The Palo Alto Networks Acquisition of Koi Security marks a significant move as Palo Alto Networks has announced its intent to acquire Koi Security, a fast-emerging cybersecurity startup focused on protecting what the company calls the “agentic endpoint.” The deal, valued at approximately $400 million, signals Palo Alto’s deepening investment in artificial intelligence-driven security as enterprises rapidly adopt autonomous AI agents across their systems.
The acquisition addresses a growing concern in the cybersecurity landscape: AI agents that operate with significant access privileges inside corporate environments. Unlike traditional malware, these agents are not inherently malicious. However, they can read, write, execute tasks, and interact with sensitive enterprise data often beyond the visibility of conventional endpoint protection tools.
Lee Klarich, Chief Product and Technology Officer at Palo Alto Networks, noted that legacy security frameworks were built to detect malicious files and abnormal user behavior, not autonomous AI systems acting with legitimate permissions. As organizations scale AI deployment, the security perimeter must evolve to monitor, control, and govern these intelligent systems in real time.
Koi Security has positioned itself at the forefront of this emerging category, developing technology designed specifically to analyze, monitor, and secure AI-driven operations at the endpoint level.
Integration Into Prisma AIRS and Cortex XDR
Under the proposed acquisition, the Palo Alto Networks Acquisition will bring Koi’s technology into its AI security platform, Prisma AIRS, as well as enhance its Cortex XDR endpoint protection suite. The goal is to create a unified system capable of identifying risky AI behavior, enforcing policy controls, and ensuring compliance across enterprise environments.
Koi’s platform focuses on providing visibility into AI agents, browser extensions, plugins, scripts, and other autonomous tools operating within endpoints. These elements can execute automated workflows and make decisions independently, creating potential security blind spots.
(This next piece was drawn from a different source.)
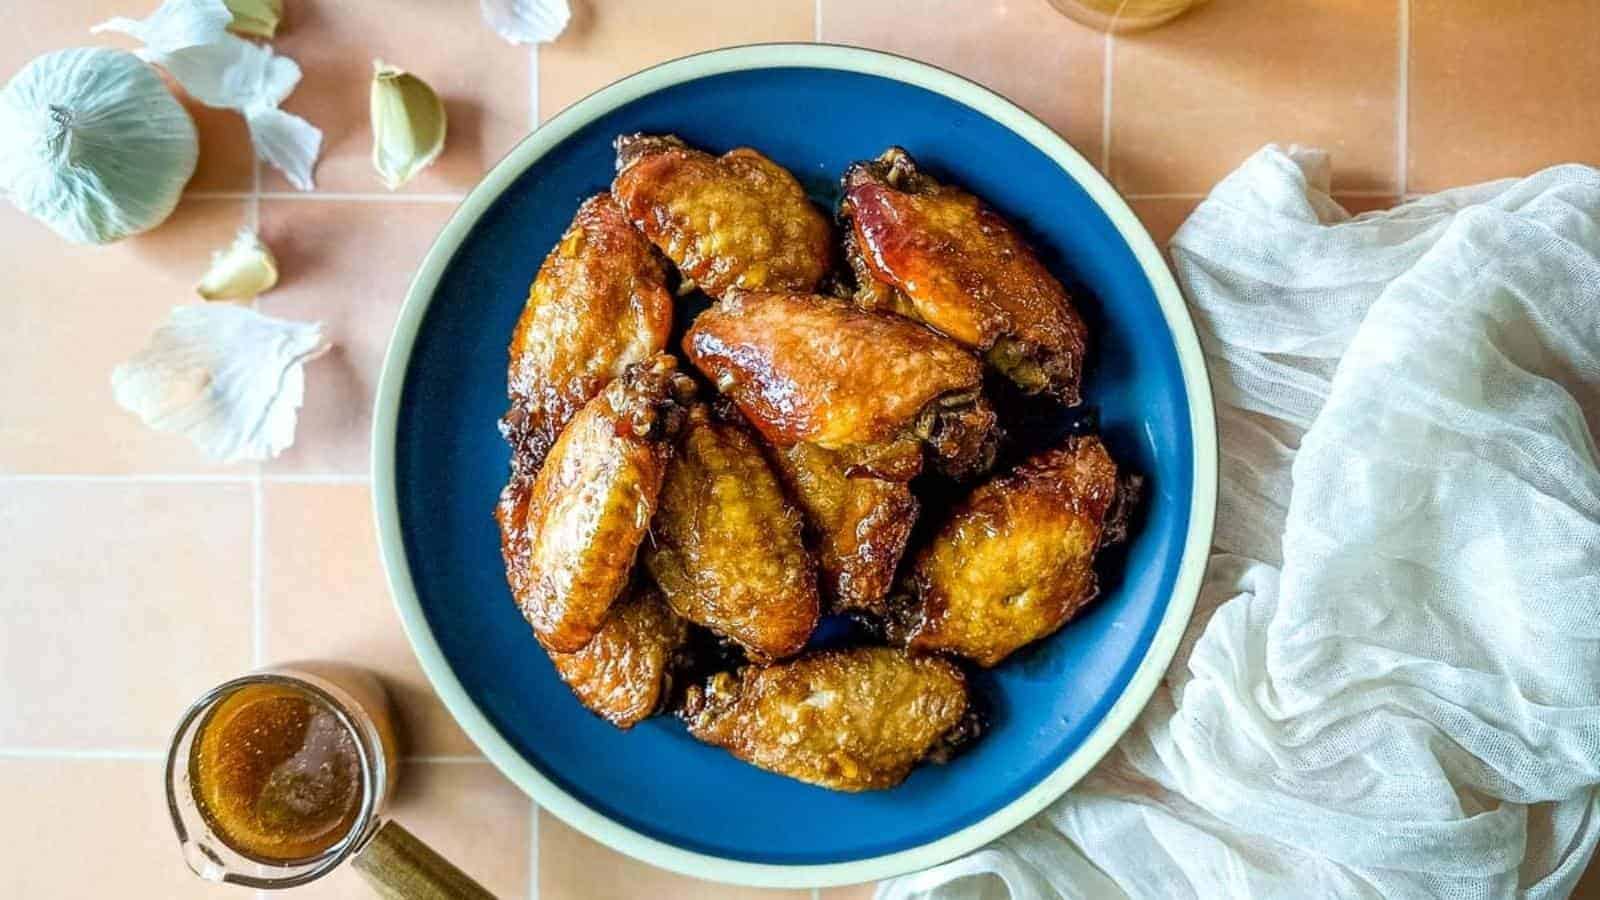 A plate of soy garlic chicken wings.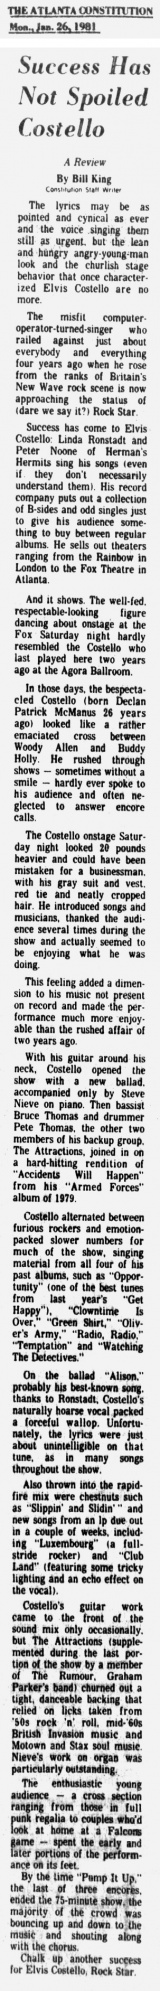 1981-01-26 Atlanta Journal-Constitution page 5-B clipping 01.jpg

By embedding Koi’s capabilities into its existing ecosystem, Palo Alto aims to deliver continuous monitoring and contextual risk assessment for AI-powered processes.
Amit Assaraf, CEO and co-founder of Koi Security, stated that joining Palo Alto Networks would allow the company to scale its innovation globally and accelerate adoption among large enterprises. He emphasized that security must be built directly into AI-native environments rather than layered on after deployment.
The acquisition is subject to customary closing conditions and is expected to finalize later this fiscal year.
Part of a Broader AI Security Expansion Strategy
The Palo Alto Networks Acquisitionl reflects a broader strategic shift at Palo Alto Networks as the cybersecurity industry adapts to AI-driven transformation. Enterprises worldwide are increasingly integrating generative AI, autonomous copilots, and workflow automation into daily operations. While these tools enhance productivity, they also introduce new categories of risk that traditional defenses were not designed to handle.
This acquisition follows Palo Alto Networks’ recent large-scale expansion efforts aimed at securing identity systems and cloud-native architectures in the AI era. Industry analysts view the Koi move as a logical extension of that strategy, focusing specifically on the endpoint, where AI agents directly interact with sensitive data and execute tasks.
As AI adoption accelerates, the Palo Alto Networks Acquisition positions the company to address the growing need to secure the “agentic endpoint.” By combining Koi’s specialized AI visibility tools with its own global cybersecurity infrastructure, Palo Alto Networks is positioning itself to define the next phase of enterprise endpoint protection.
More details on integration timelines and strategic direction are expected during the company’s upcoming earnings discussions.